According to the second embodiment, chromium or a chromium compound is used as the peeling film 4. Since chromium (Cr) is the same Group 6 element as tungsten (W), it has good compatibility with tungsten (W) in view of the crystal structure and the coefficient of linear expansion. That is, the adhesion between the protective film 3 and the peeling film 4 is increased, and the occurrence of poor adhesion when using the mold can be suppressed.

Embodiment 3.
FIG. 6 is a sectional view showing a state in which a first resist is applied to a mold base material in a molding die according to Embodiment 3 of the present invention, and FIG. 7 is a molding die according to Embodiment 3 of the present invention. FIG. 8 is a cross-sectional view showing a state in which a protective film is formed on the mold base material in FIG. 8; 9 is a sectional view showing a state in which a protective film, a release film and a release film are formed on the die base material in the molding die according to Embodiment 3 of the present invention, and FIG. It is sectional drawing which shows the metal mold | die which concerns on Embodiment 3 of invention.

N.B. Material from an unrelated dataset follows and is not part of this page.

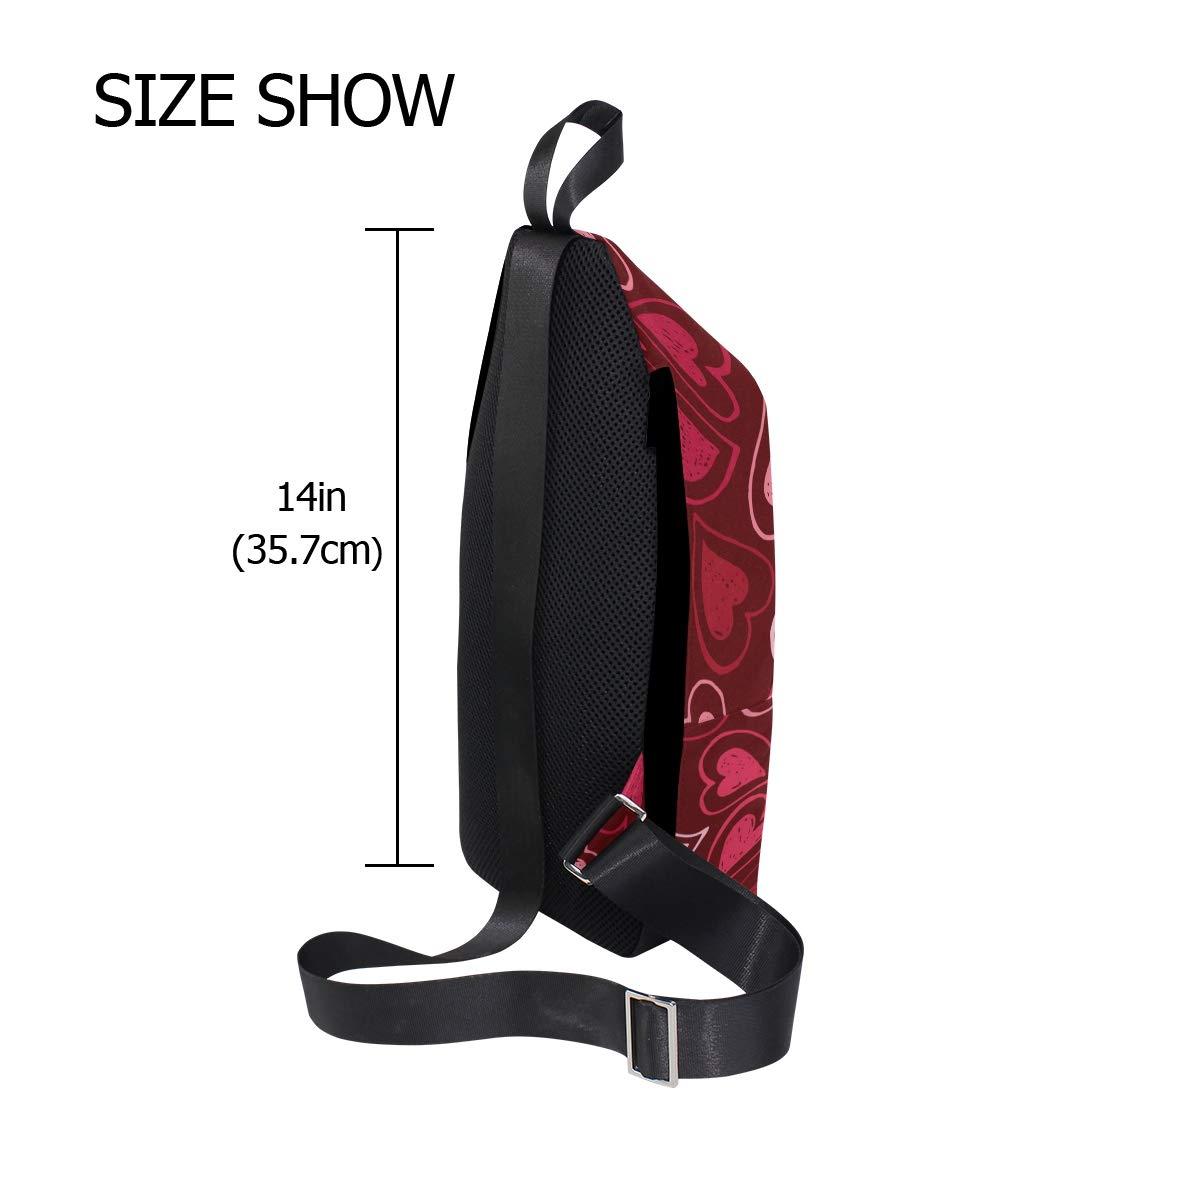 AHOMY And Red Love Heart Messenger Bag Small Travel School Sling Bag Crossbody Bag
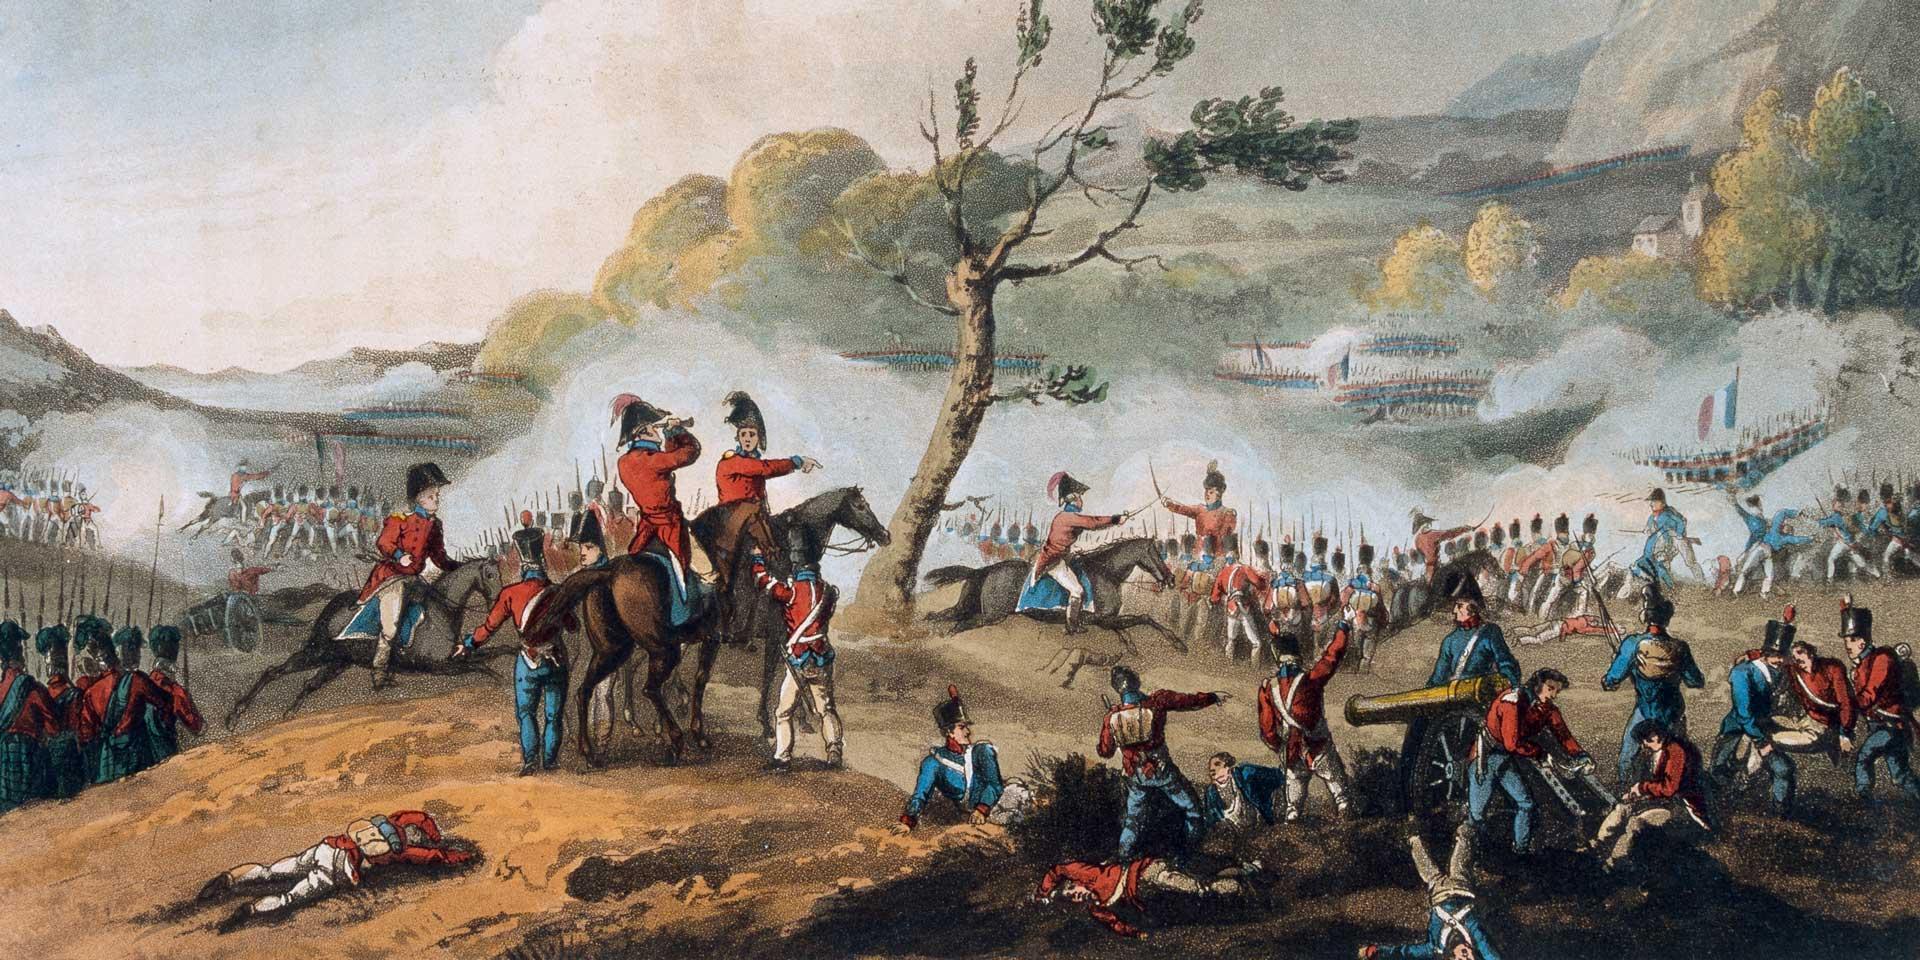 The Battle of Maida, 4 July 1806

  In FIG. 10, a molding die 10 includes a die base material 2, a protective film 11 formed so as to cover the molding surface 2 a and the side surface 2 b of the die base material 2, and a surface of the protective film 11. The release film 12 is formed so as to cover the protective film 11 except for the peripheral portion, and the release film 13 is formed so as to cover the entire surface of the release film 12. The peeling film 12 is formed of any one of nickel-phosphorus, gold, chromium, and chromium oxide used in the first and second embodiments. Protective film 11 and release film 13 are made of the same material as protective film 3 and release film 5 in the first and second embodiments. The release film 12 and the release film 13 have a structure that covers the entire molding surface 2a of the mold base material 2 and a part of the side surface 2b, and the peripheral edge of the protective film 11 is exposed over the entire circumference. .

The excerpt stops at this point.